Goal of the exercise — Down to the last line, repeat the entries exactly.

── Provided records ──

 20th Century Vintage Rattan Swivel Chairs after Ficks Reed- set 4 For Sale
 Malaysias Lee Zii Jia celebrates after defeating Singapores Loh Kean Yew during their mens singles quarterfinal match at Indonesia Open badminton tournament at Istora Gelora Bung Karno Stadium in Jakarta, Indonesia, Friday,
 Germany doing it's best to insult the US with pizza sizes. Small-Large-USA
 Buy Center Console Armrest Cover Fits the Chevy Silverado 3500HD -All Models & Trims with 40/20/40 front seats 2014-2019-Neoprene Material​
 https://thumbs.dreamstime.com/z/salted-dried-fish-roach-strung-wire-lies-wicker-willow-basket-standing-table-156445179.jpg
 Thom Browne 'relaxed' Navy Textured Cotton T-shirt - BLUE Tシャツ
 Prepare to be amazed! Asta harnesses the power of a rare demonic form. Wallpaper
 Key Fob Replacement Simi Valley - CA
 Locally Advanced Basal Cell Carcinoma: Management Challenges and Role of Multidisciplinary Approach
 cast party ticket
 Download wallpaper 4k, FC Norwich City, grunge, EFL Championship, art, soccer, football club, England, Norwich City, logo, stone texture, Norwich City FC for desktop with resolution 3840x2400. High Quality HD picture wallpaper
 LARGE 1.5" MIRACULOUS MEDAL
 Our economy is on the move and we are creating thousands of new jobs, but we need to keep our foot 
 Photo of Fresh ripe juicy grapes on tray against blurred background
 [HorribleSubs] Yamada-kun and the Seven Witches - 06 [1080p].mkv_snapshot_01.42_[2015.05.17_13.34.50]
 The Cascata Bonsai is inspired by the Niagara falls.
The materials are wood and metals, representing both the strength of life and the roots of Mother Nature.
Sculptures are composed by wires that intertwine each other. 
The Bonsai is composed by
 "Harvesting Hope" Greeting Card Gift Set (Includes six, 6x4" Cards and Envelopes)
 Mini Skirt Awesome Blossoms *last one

───

Answer to this exercise —
 20th Century Vintage Rattan Swivel Chairs after Ficks Reed- set 4 For Sale
 Malaysias Lee Zii Jia celebrates after defeating Singapores Loh Kean Yew during their mens singles quarterfinal match at Indonesia Open badminton tournament at Istora Gelora Bung Karno Stadium in Jakarta, Indonesia, Friday,
 Germany doing it's best to insult the US with pizza sizes. Small-Large-USA
 Buy Center Console Armrest Cover Fits the Chevy Silverado 3500HD -All Models & Trims with 40/20/40 front seats 2014-2019-Neoprene Material​
 https://thumbs.dreamstime.com/z/salted-dried-fish-roach-strung-wire-lies-wicker-willow-basket-standing-table-156445179.jpg
 Thom Browne 'relaxed' Navy Textured Cotton T-shirt - BLUE Tシャツ
 Prepare to be amazed! Asta harnesses the power of a rare demonic form. Wallpaper
 Key Fob Replacement Simi Valley - CA
 Locally Advanced Basal Cell Carcinoma: Management Challenges and Role of Multidisciplinary Approach
 cast party ticket
 Download wallpaper 4k, FC Norwich City, grunge, EFL Championship, art, soccer, football club, England, Norwich City, logo, stone texture, Norwich City FC for desktop with resolution 3840x2400. High Quality HD picture wallpaper
 LARGE 1.5" MIRACULOUS MEDAL
 Our economy is on the move and we are creating thousands of new jobs, but we need to keep our foot 
 Photo of Fresh ripe juicy grapes on tray against blurred background
 [HorribleSubs] Yamada-kun and the Seven Witches - 06 [1080p].mkv_snapshot_01.42_[2015.05.17_13.34.50]
 The Cascata Bonsai is inspired by the Niagara falls.
The materials are wood and metals, representing both the strength of life and the roots of Mother Nature.
Sculptures are composed by wires that intertwine each other. 
The Bonsai is composed by
 "Harvesting Hope" Greeting Card Gift Set (Includes six, 6x4" Cards and Envelopes)
 Mini Skirt Awesome Blossoms *last one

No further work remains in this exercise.